Urine is formed by ultrafiltration of plasma across the glomerular capillary wall that has a sieving effect on larger plasma proteins into the ultrafiltrate. The passage of plasma proteins across the glomerular barrier is dependent upon their molecular size, electrical charge and molecular configuration. All molecules greater than 50,000 daltons are retained by the glomerular barrier. Albumin and transferrin with a molecular weight of 65,000 and 80,000 daltons respectively are almost completely retained, only about 0.1 % of each ultrafiltrates. All the plasma proteins with a molecular mass under 50,000 daltons pass through the glomerular wall, but all are reabsorbed by the proximal tubule cells, and are degraded by enzymes in to amino acids which are returned to the blood.

The final filtrate usually contains some traces of albumin and transferrin (under 0.1% of the total proteinemia). Proteins normally present in urine are albumin and transferrin in low quantity. The physiological proteinuria is about 150 mg of protein found in a 24 hour urine collection. Electrophoresis is the best way to detect abnormal proteins in urines, the presence of an abnormal band (for example a band in the position of the transferrin) requires confirmatory identification (Bence-Jones immunofixation).

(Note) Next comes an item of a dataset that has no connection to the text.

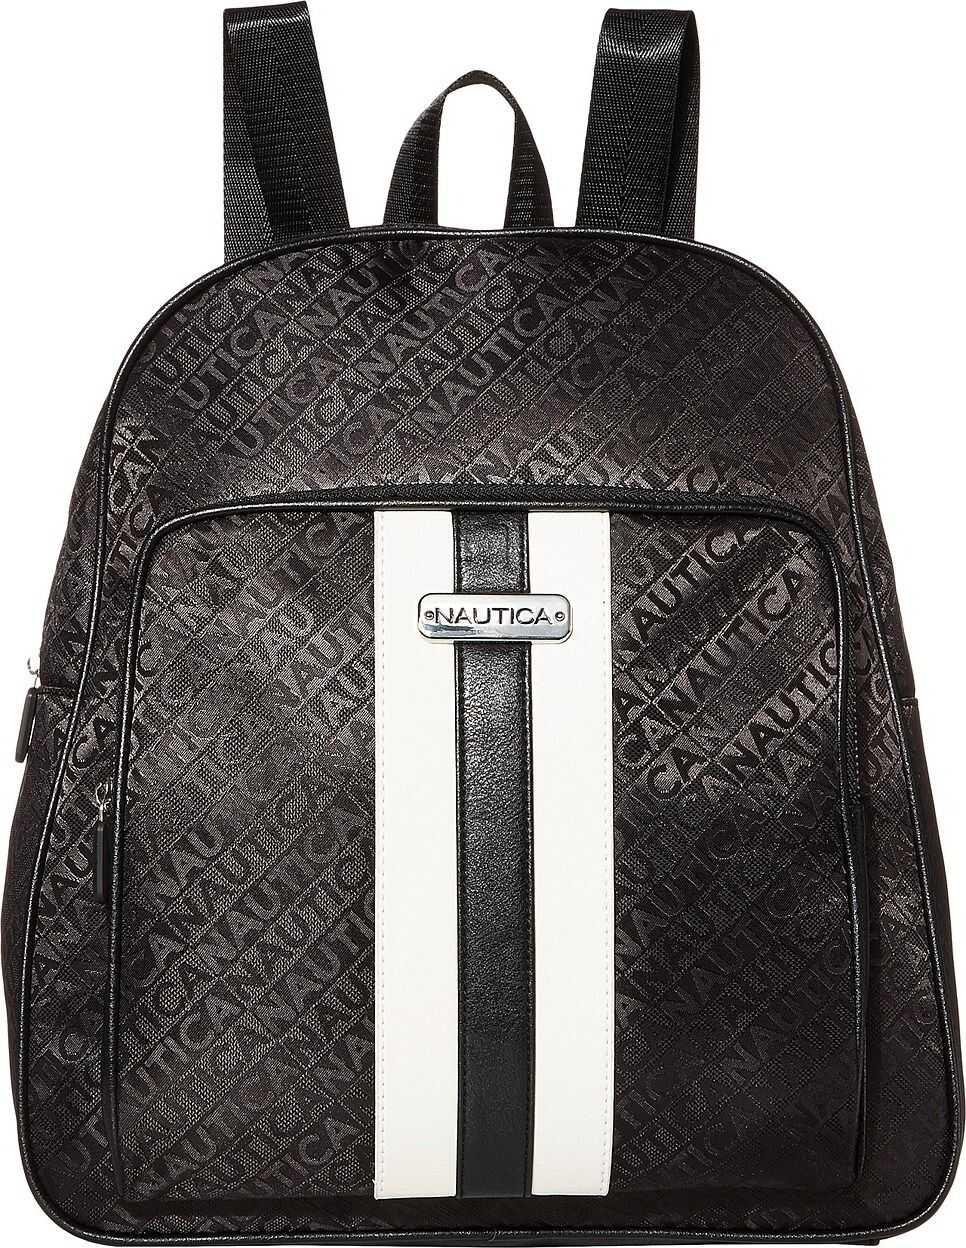 Nautica Lakeside Backpack Black

The presence of proteins in the 1 and 2 zones, requires further investigation (micro-proteins etc). Abnormal proteins in urine can be present even with a normal level of proteinuria. Immediate analysis of fresh urine is recommended, some proteins can denature in alkaline or in acid urine (for example, ß۲ microglobulin is denaturated at a pH under 5.5, while Retinol Binding Protein (RBP) is denaturated at alkaline pH.